# Euro Hinges for beginners - Part II



## Niki (16 Oct 2009)

Continued from part I
https://www.ukworkshop.co.uk/forums/view ... hp?t=36107

Regards
niki


----------



## paininthe (16 Oct 2009)

Great description and explanation,

thankyou


----------



## Paul Chapman (16 Oct 2009)

Great stuff, Niki =D> 

Cheers :wink: 

Paul


----------



## Gill (16 Oct 2009)

Thank you Niki  .


----------



## jjc_uk (19 Oct 2009)

Thanks again very good


----------



## Chris Knight (19 Oct 2009)

Niki,
Superbly clear - thanks very much.


----------



## LocalOak (26 Oct 2009)

Niki

came across this just as I was about to fit 10 inset cupboard doors. Have just done my first one following you're method and its spot on.

Thank you very much for taking the time to put this together, its made my life a whole lot easer.

Toby


----------



## wobblycogs (26 Oct 2009)

Cheers Niki, I've got a load of kitchen cabinet doors to make and fit. This should make life much easier. Really good write up too.


----------



## Niki (26 Oct 2009)

Thank you so much everybody

I'm so glade that it can help some of you....

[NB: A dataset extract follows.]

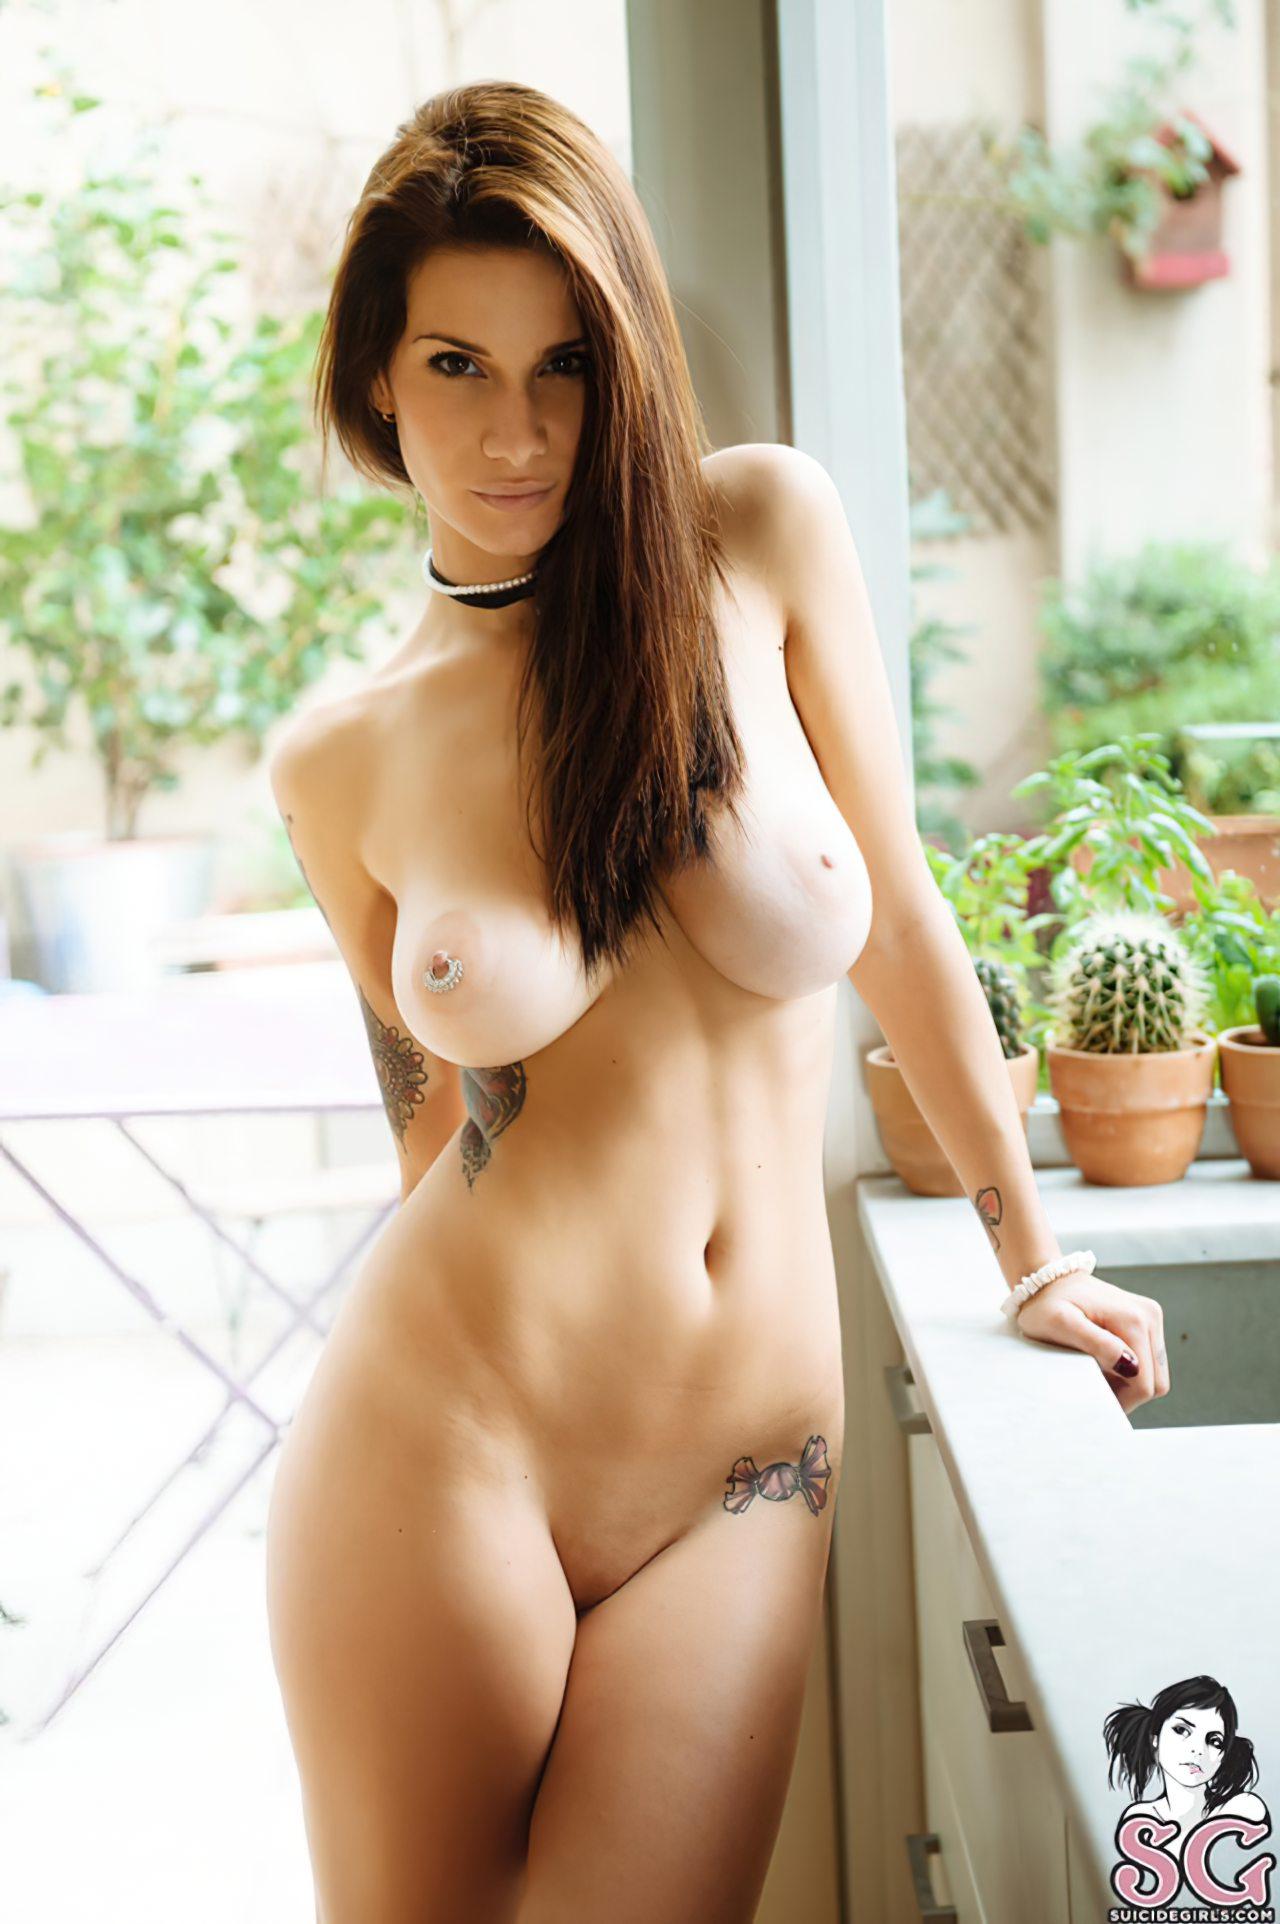 Mulherada Nua (42)

By the way, if the door is too big for the drill press and you don't have a drill Stand or in case of "Field emergency", you can drill the holes also with a hand drill...







































































Regards
niki


----------



## Shultzy (1 Nov 2009)

Once again Niki, a great tutorial.

BTW the Oal you mentioned is spelt Awl and pronounced "all", it took me a while to work out what you meant. :lol:


----------



## Niki (1 Nov 2009)

Shultzy":1vvrjxbs said:


> BTW the Oal you mentioned is spelt Awl and pronounced "all", it took me a while to work out what you meant. :lol:


Thank you Shultzy

Ooooops, sorry....you see, how good it is that I attach pictures so even if the spelling is not correct, the picture will tell you....

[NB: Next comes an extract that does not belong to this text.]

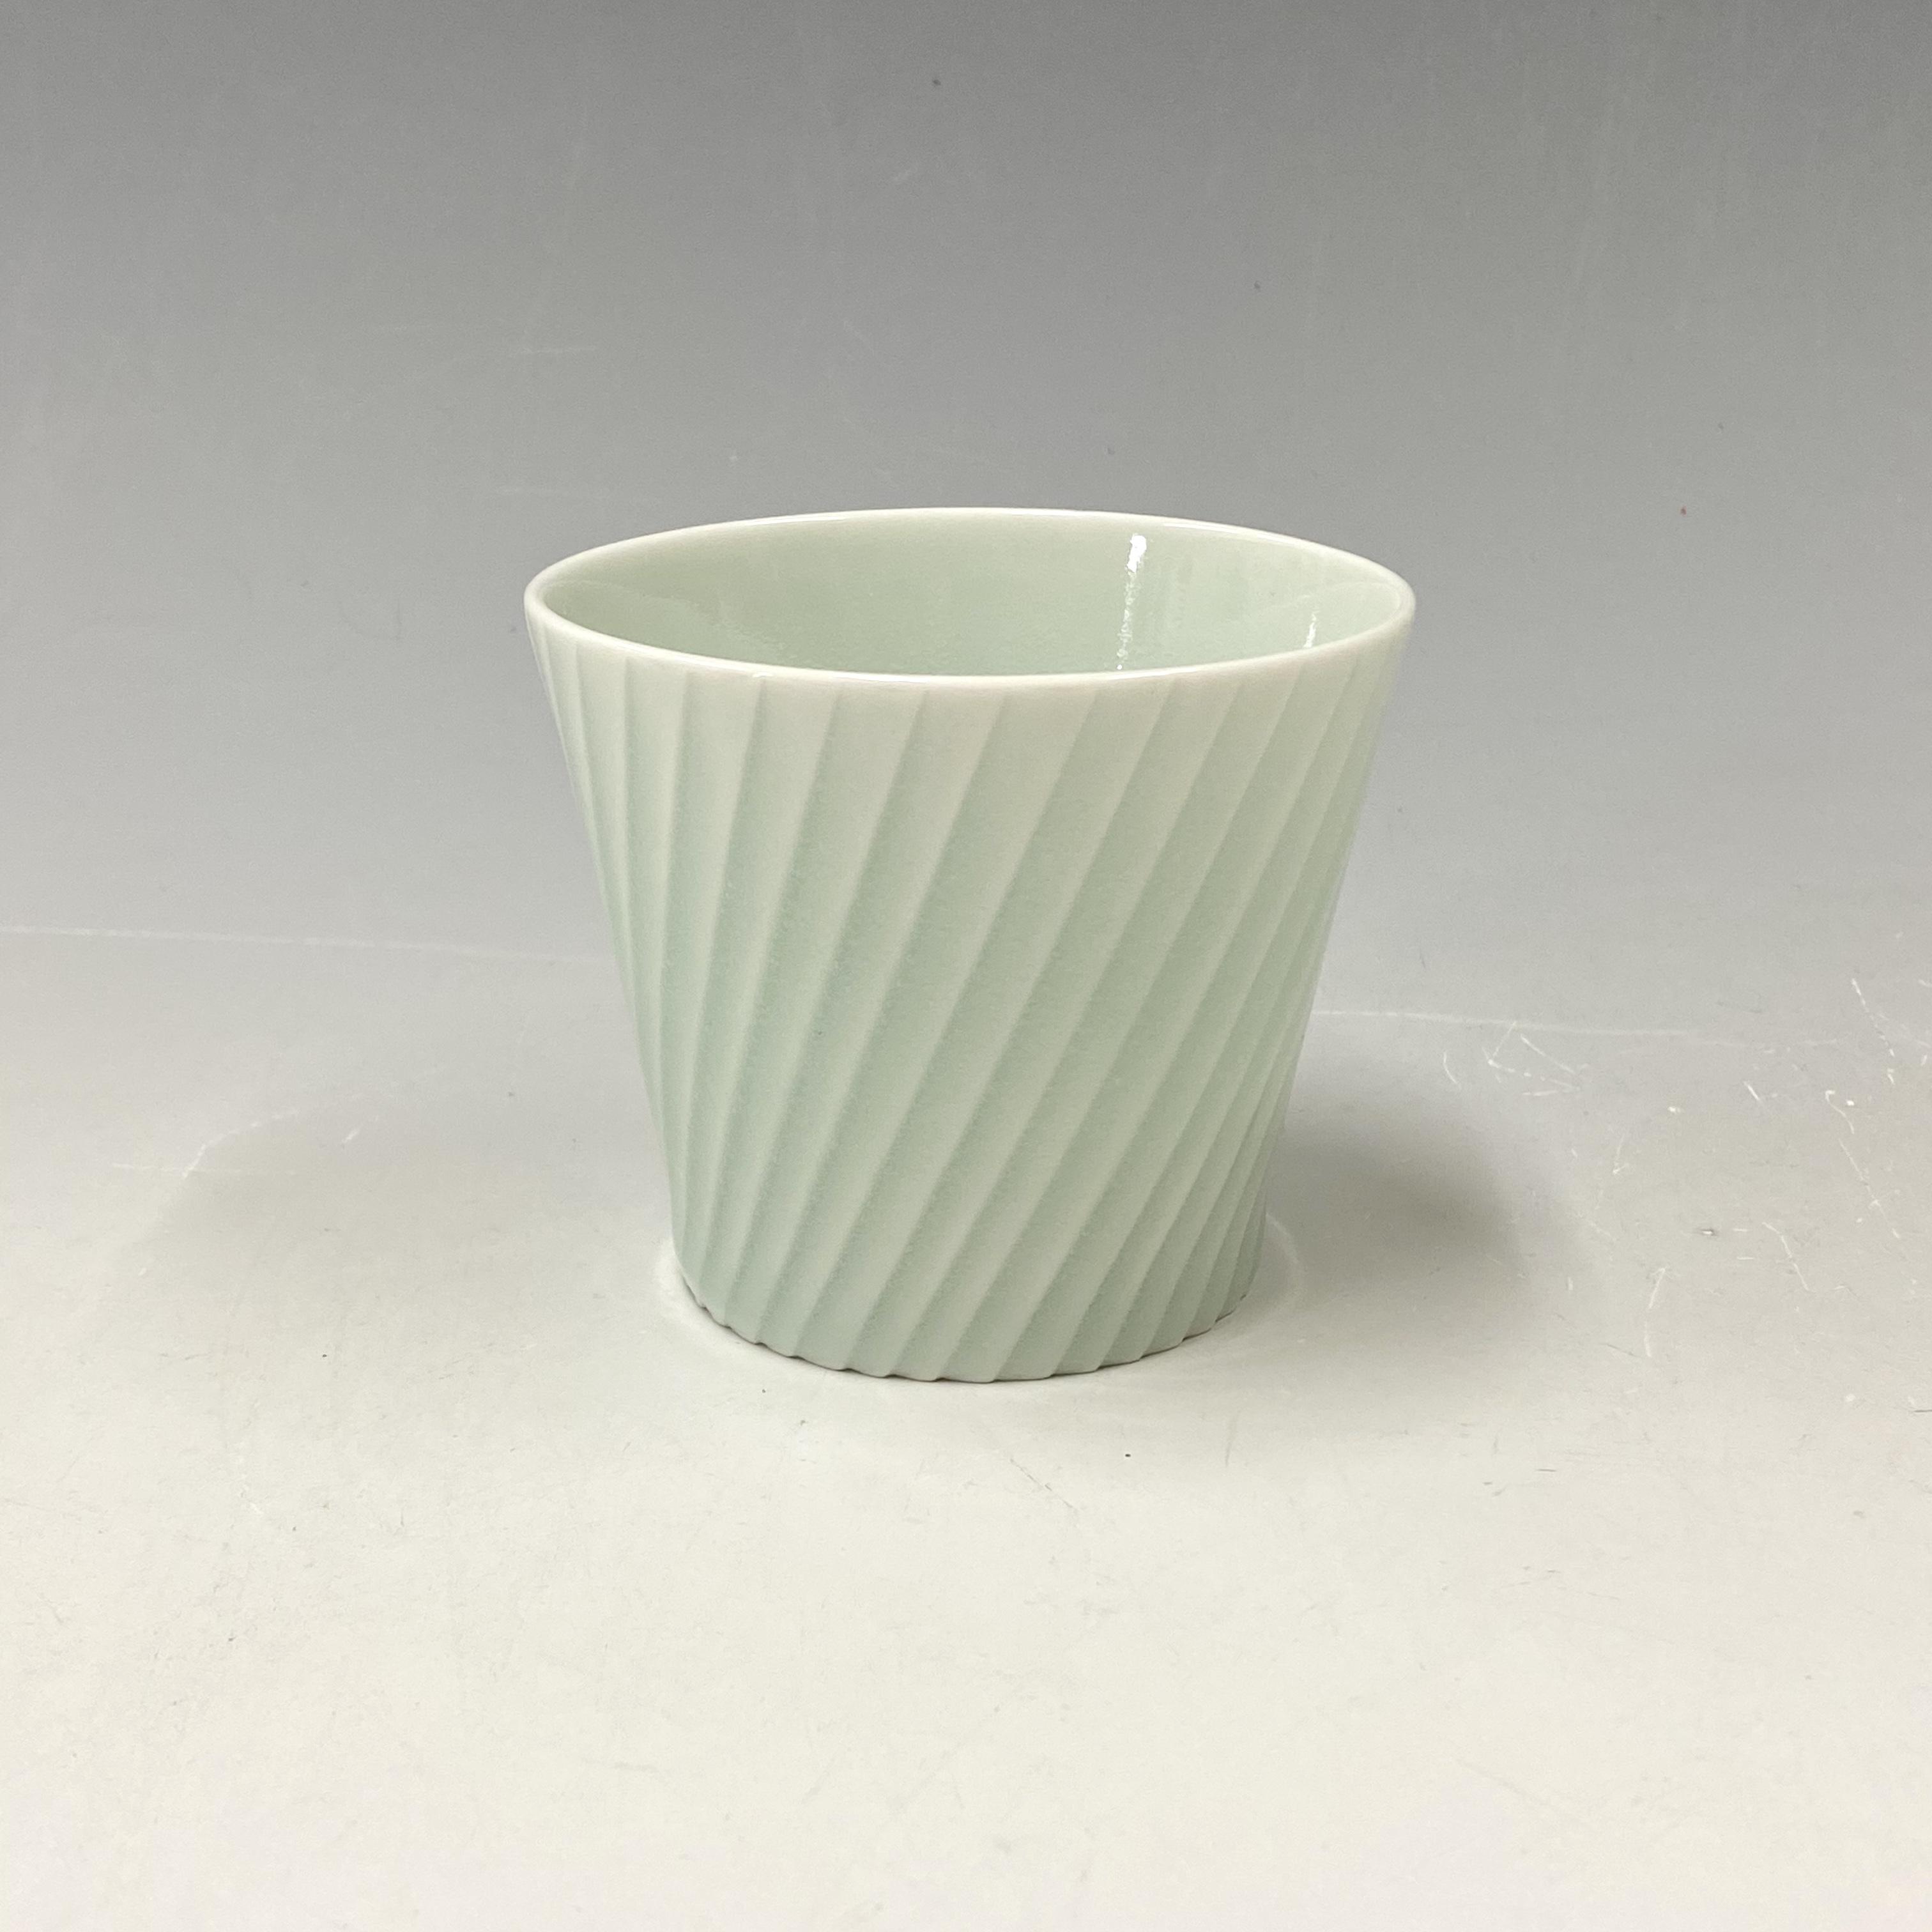 【中尾純】青白磁線彫蕎麦猪口(斜め)

Thank you for the correction

Regards
niki


----------



## Shultzy (1 Nov 2009)

It was the first pic that mentioned the "Oal" that threw me, I couldn't work out what it was till I saw the second pic. :lol:


----------



## Larry James (10 Nov 2009)

Niki, 

As usual, your presentation, pictures and content are excellent. 

Thank you, Larry


----------